Ranking Earthquake Prediction Algorithms: A Comprehensive Review of Machine Learning and Deep Learning Methods

Abstract

Earthquake prediction is a complex and critical challenge within seismology, with significant implications for disaster mitigation and risk management. Recent advancements in Machine Learning and Deep Learning techniques have shown promising accuracy and reliability of earthquake prediction models. This review analyses various algorithms and methods for seismic event forecasting, focusing on Supervised, Unsupervised, and Deep Learning approaches. Additionally, other applications of these methods that are closely associated with the field of earthquake engineering (i.e., early warning systems) have also been extensively reviewed. A novel point-based ranking system is introduced, which simultaneously factors in the popularity of algorithms (measured by the number of published papers from 1951 to 2024) and their predictive accuracy.

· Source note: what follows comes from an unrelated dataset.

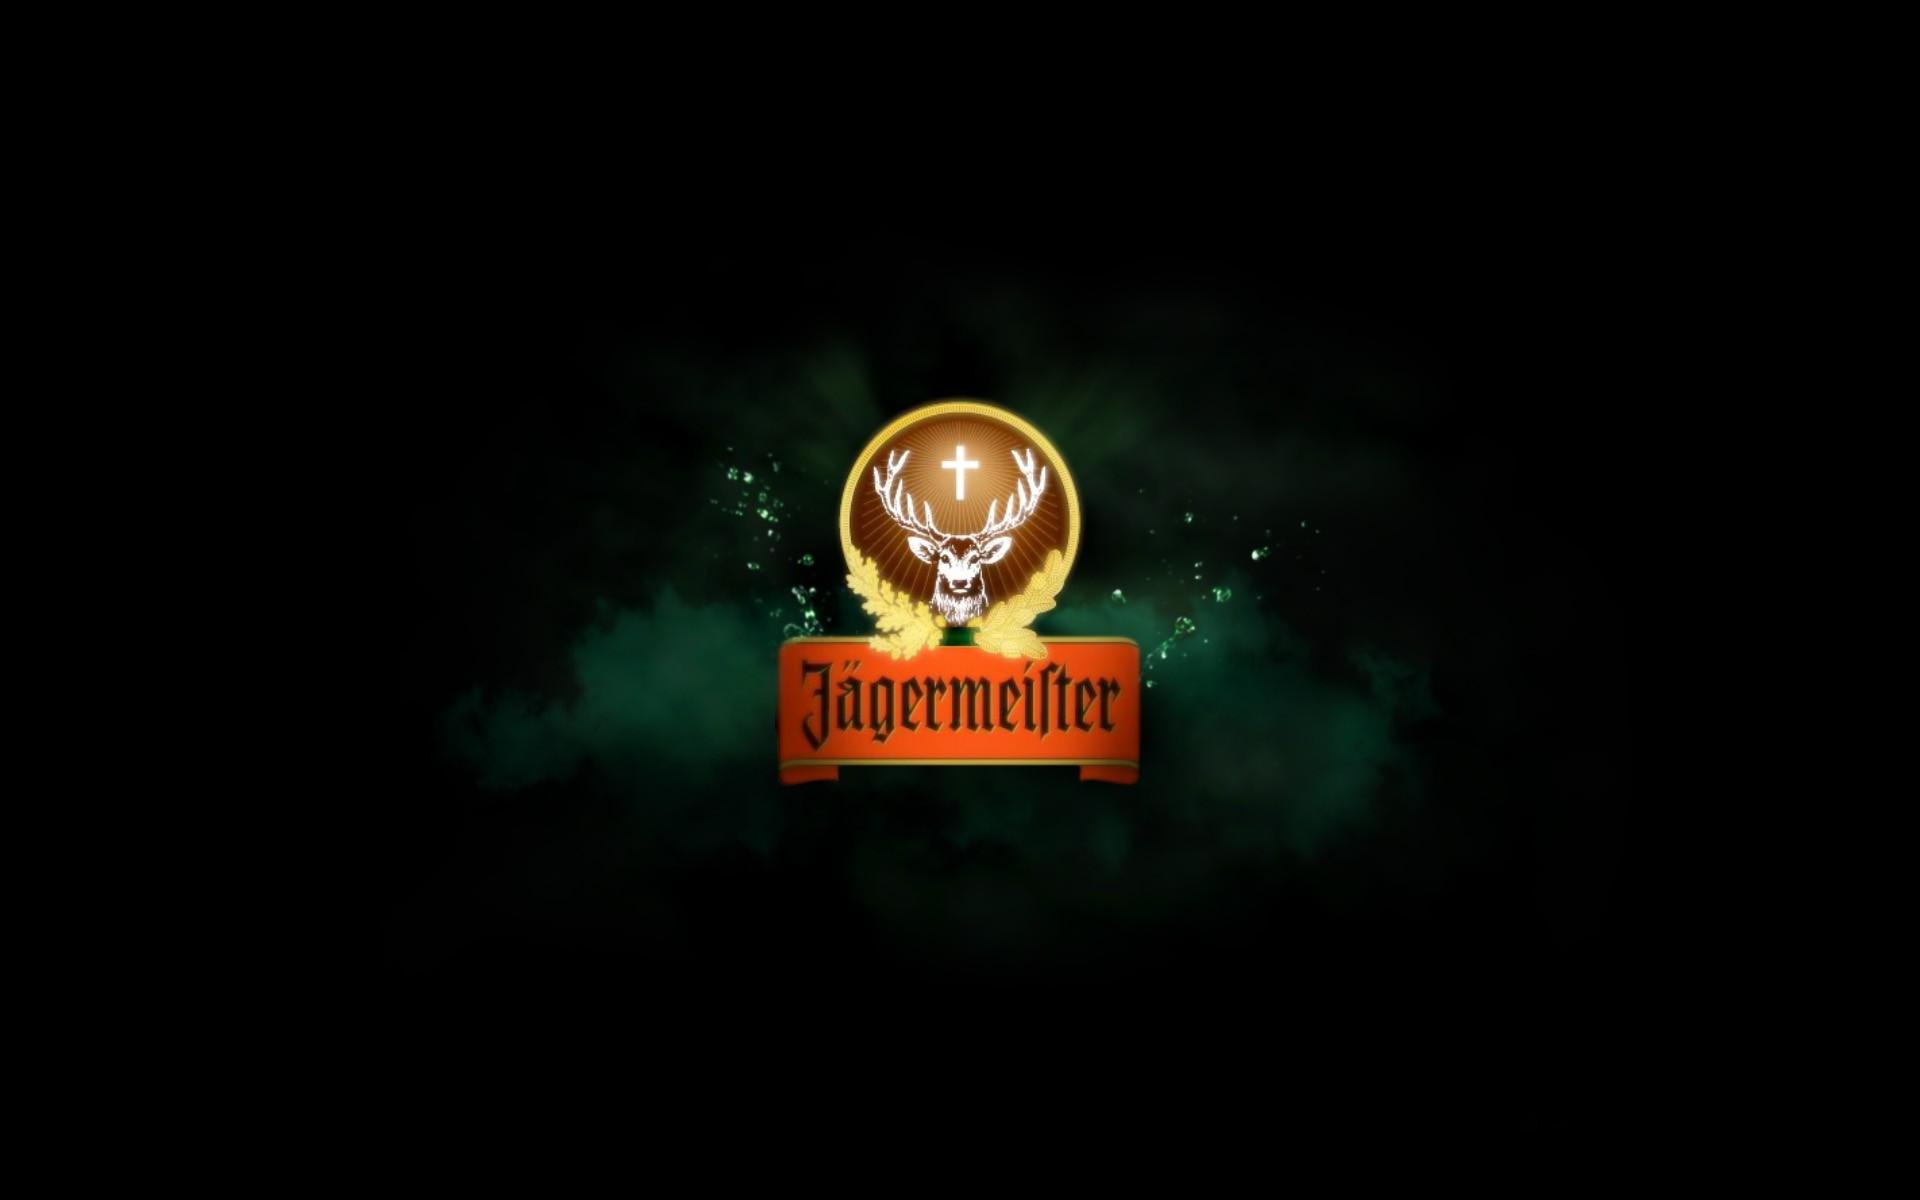 jagermeister wallpaper desktop - photo #3

This system was applied to an analysis of 8644 research papers, enabling the identification of the top-performing algorithms in each category. Among the most effective methods are Regression (including linear, polynomial, and logistic regression), Random Forest (RF) and Extreme Gradient Boosting (XGBoost) for supervised learning, Clustering (including K-Means and other types), and Principal Component Analysis (PCA) for unsupervised learning, and Artificial Neural Networks (ANNs), Long-Short Term Memory (LSTM), and Convolutional Neural Networks (CNNs) for Deep Learning. While these algorithms show significant potential, challenges such as data variability, feature selection, and model interpretability persist. The review emphasizes the need for continued development of more robust and scalable models and interdisciplinary collaboration to enhance earthquake prediction capabilities and improve early warning systems.